Revenue projections:
Investors may be wary of CREDITACC as its revenues are expected to fall below the prior year's levels. A revenue decrease often leads to concerns about profitability, as it is likely to affect the company's bottom line, prompting investors to take a more cautious approach.
Financial Ratios:
| currentRatio | 0.000000 |
|---|---|
| forwardPE | 13.872469 |
| debtToEquity | 280.714000 |
| earningsGrowth | 0.000000 |
| revenueGrowth | 3.442000 |
| grossMargins | 0.971820 |
| operatingMargins | 0.490170 |
| trailingEps | 30.220000 |
| forwardEps | 92.694390 |
CreditAccess Grameen Limited's Forward PE is in an attractive range, meaning its stock price aligns well with earnings and isn't inflated.
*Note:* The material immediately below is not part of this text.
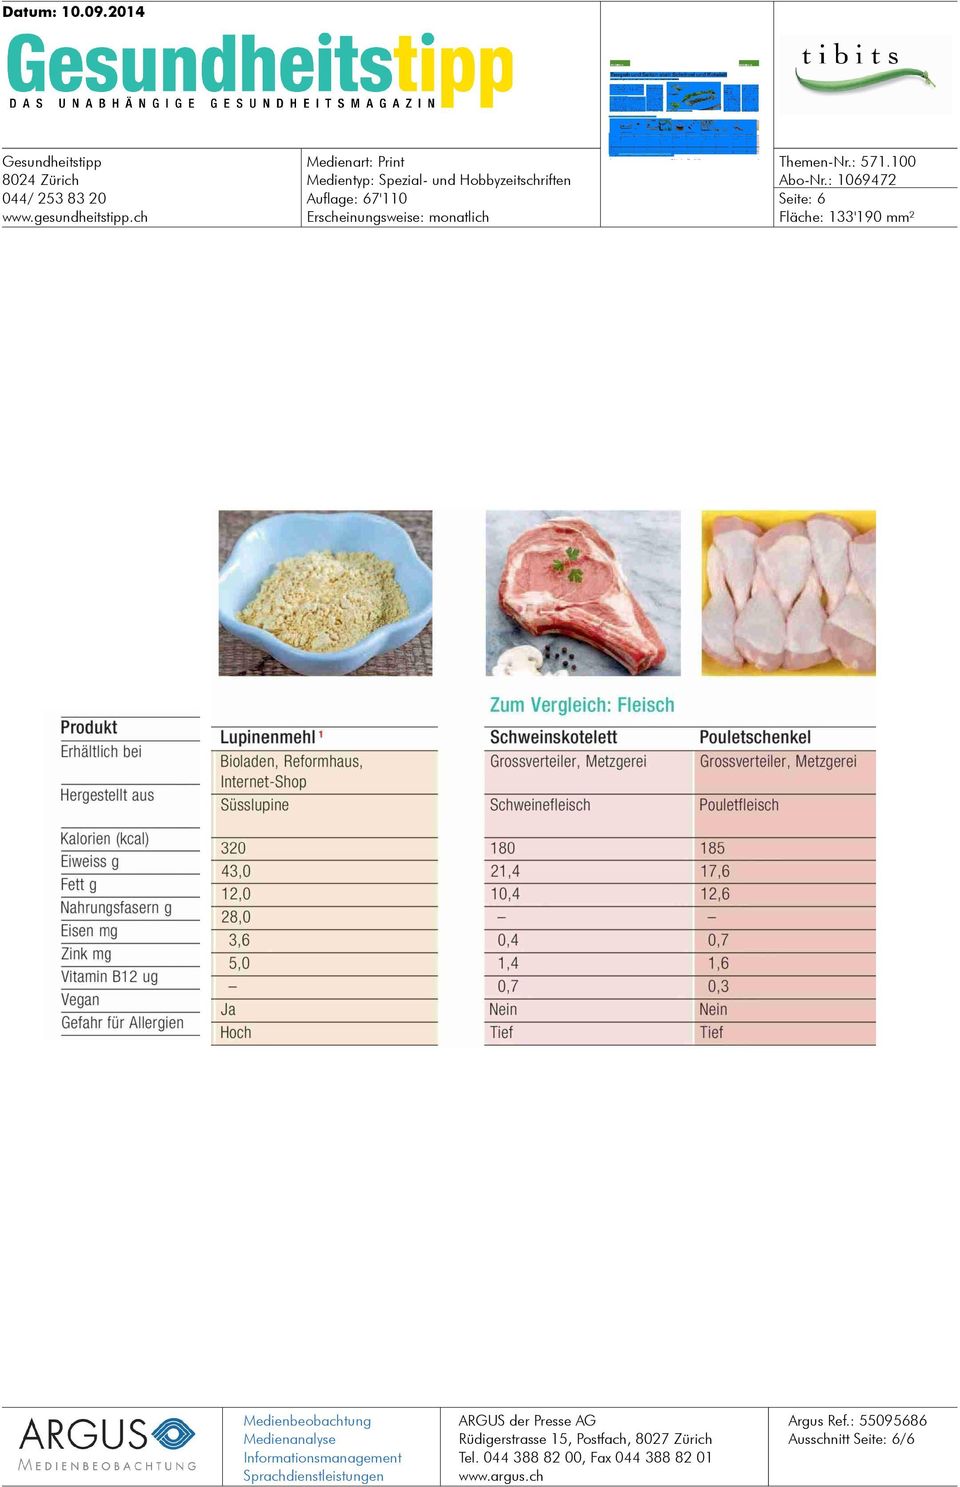 Schweinefleisch Pouletfleisch Kalorien (kcal) Eiweiss g Fett g Nahrungsfasern g Eisen mg Zink mg Vitamin B12 ug Vegan

This creates room for growth, making it a solid investment opportunity for those looking to benefit from potential price appreciation.
CREDITACC's high debt-to-equity ratio points to a heavily leveraged company, with more debt than equity in its capital structure. While this can boost growth, it increases financial vulnerability in times of economic difficulty.
CreditAccess Grameen Limited's positive gross and operating margins reflect its profitability and efficiency. These metrics demonstrate the company's ability to manage costs effectively while generating strong revenue, highlighting its solid financial health and operational effectiveness.
CREDITACC's forward EPS is higher than its trailing EPS, suggesting the company is expected to improve its profitability this financial year. This reflects growing confidence in CREDITACC's earnings potential, with forecasts indicating better financial performance than in the prior year.
Price projections:
The steady upward revision of CREDITACC's price projections indicates growing confidence in the company's future. Analysts are increasingly optimistic about CREDITACC's potential to deliver strong results and increased market value.
Recommendation changes over time:
Analysts' buy bias toward CreditAccess Grameen Limited suggests the stock is seen as a solid investment, potentially motivating investors to consider it for their portfolios. With this positive outlook, CreditAccess Grameen Limited is likely to be viewed as a secure place to allocate funds, driving further interest in the stock.
DISCLAIMER: We provide information and our musings based on events, but nothing on this site can be considered professional advice of any kind.